What to work on
Look through the entries below for the line with "boy in red turtleneck sweater" and the line with "Tag Heuer horloge", then give again exactly those two lines and all lines between them, minus the pictures.

Given data

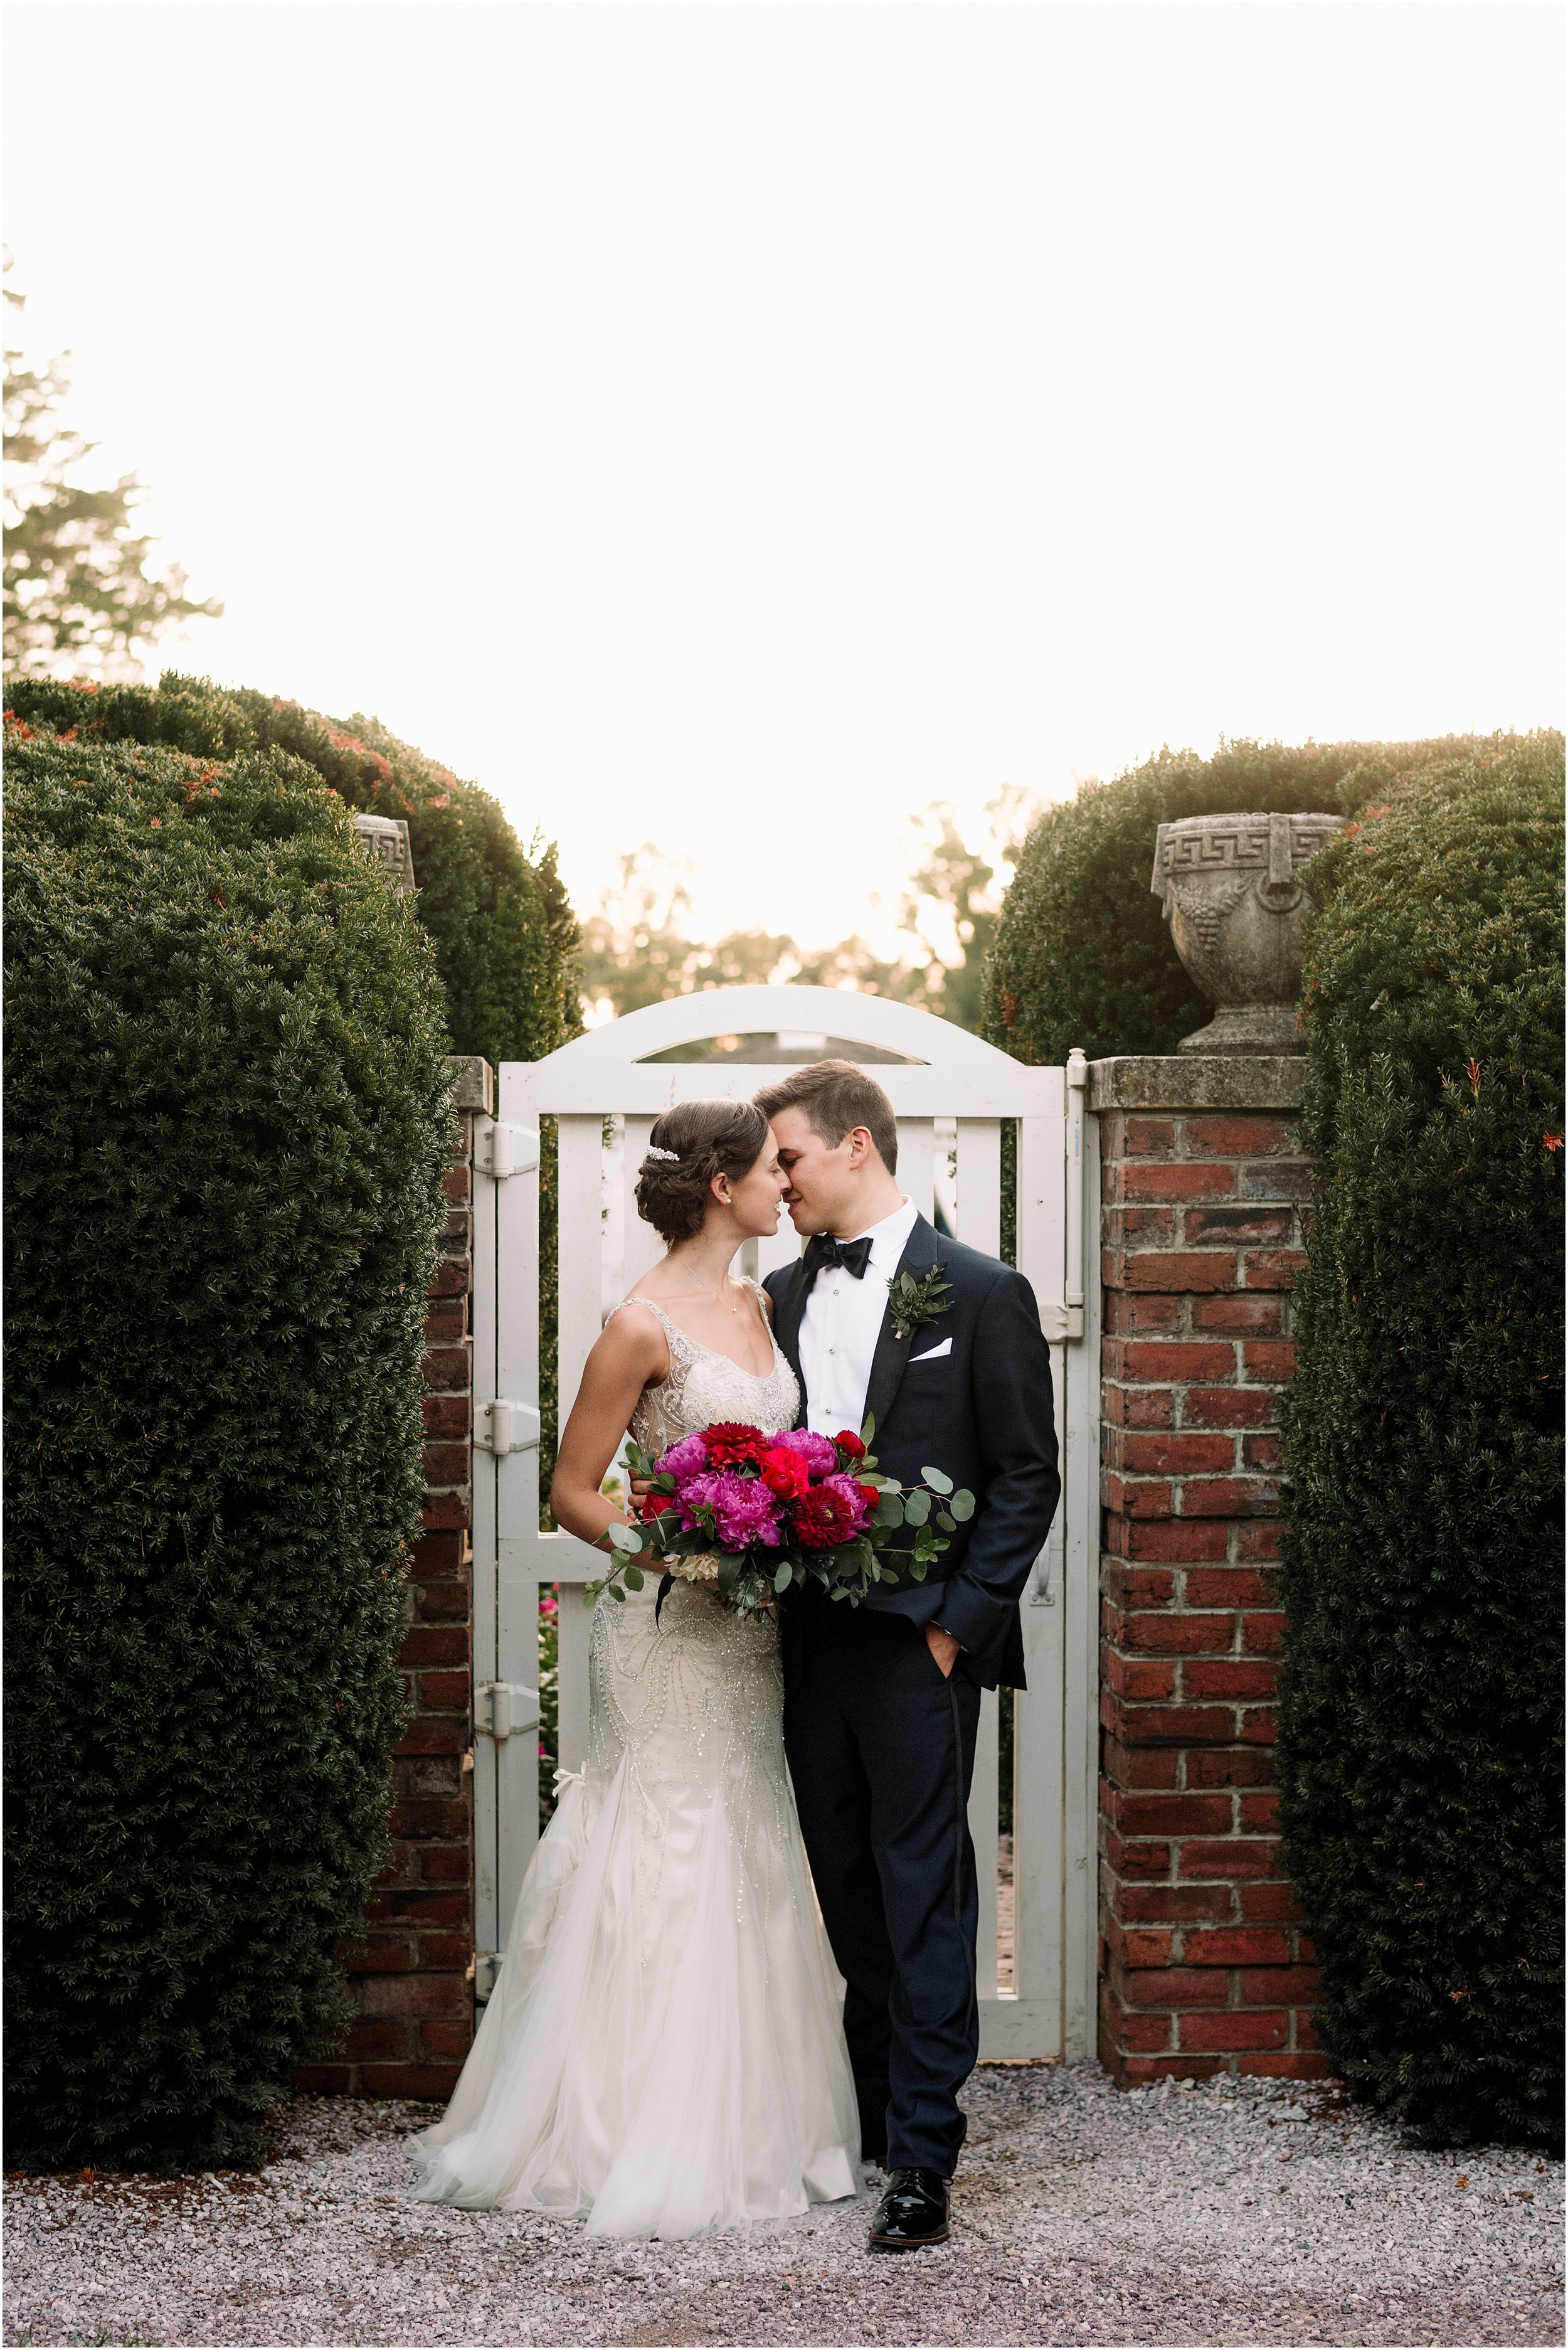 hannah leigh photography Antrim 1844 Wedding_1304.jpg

...

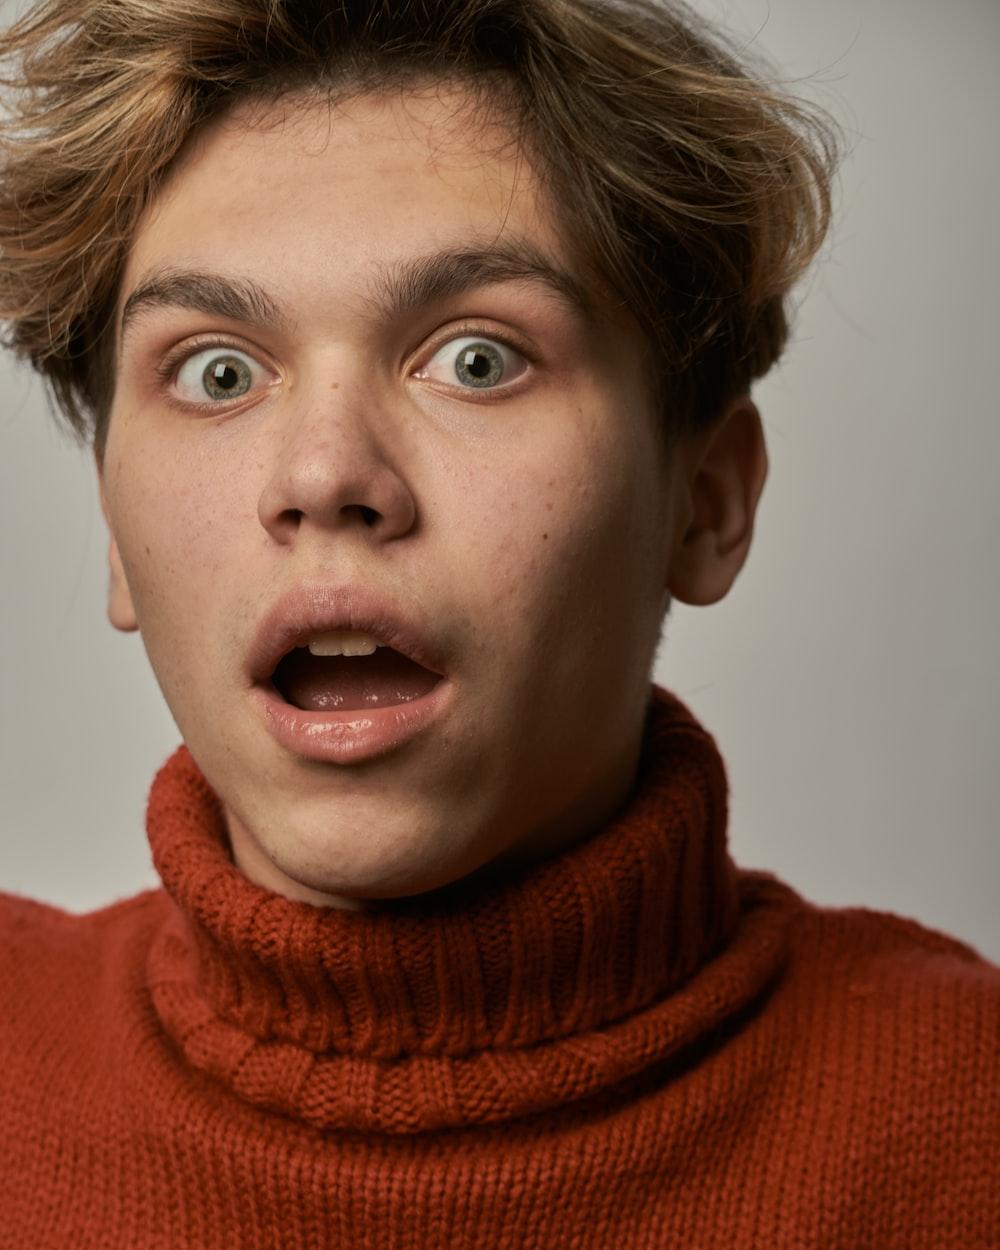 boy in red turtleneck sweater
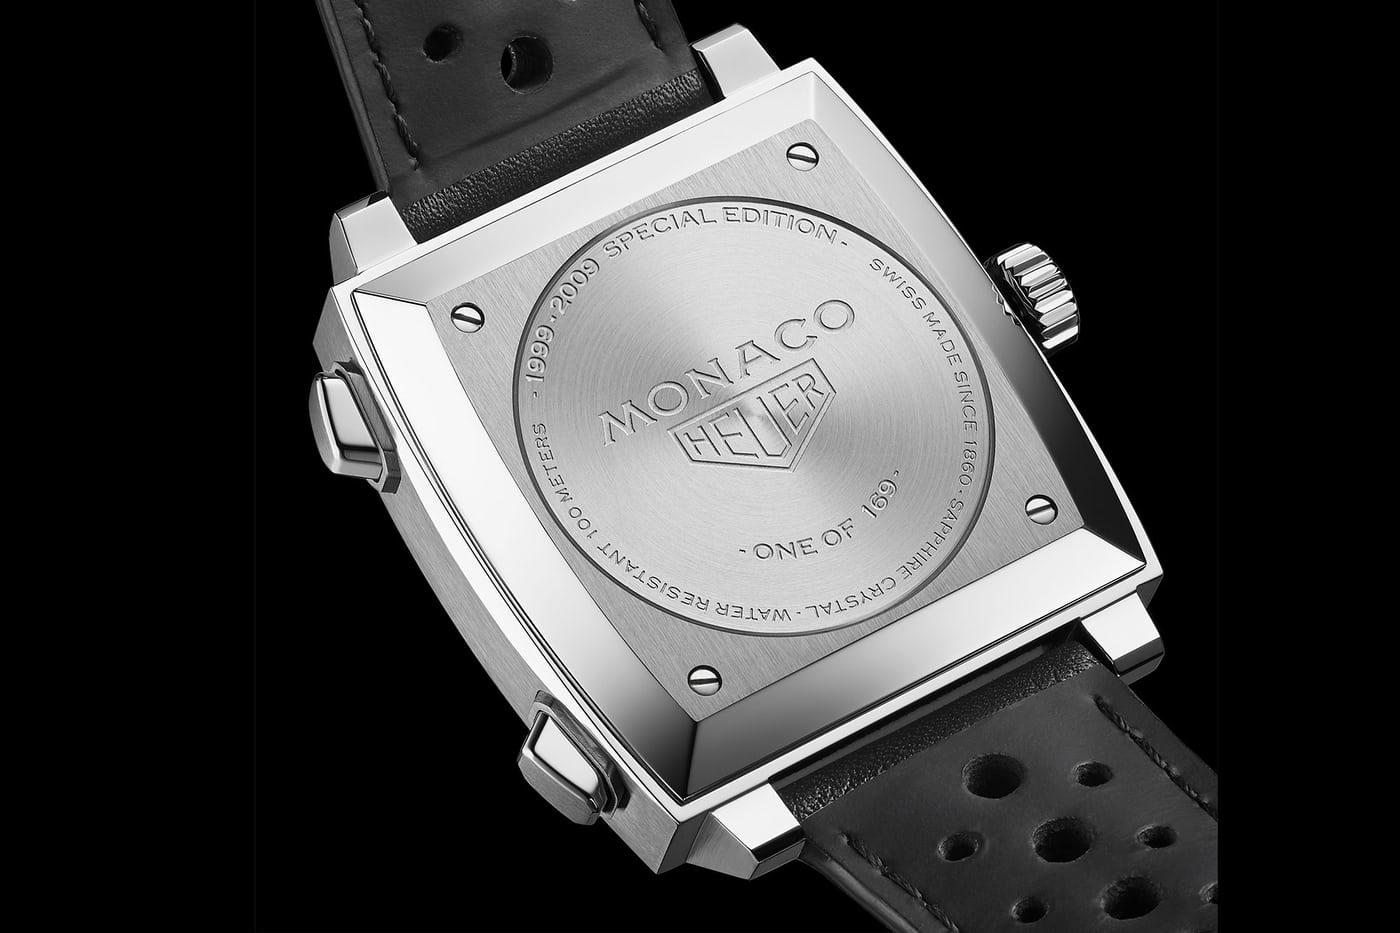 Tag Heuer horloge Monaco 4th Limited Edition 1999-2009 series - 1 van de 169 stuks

Reply to the exercise
 boy in red turtleneck sweater
 Tag Heuer horloge Monaco 4th Limited Edition 1999-2009 series - 1 van de 169 stuks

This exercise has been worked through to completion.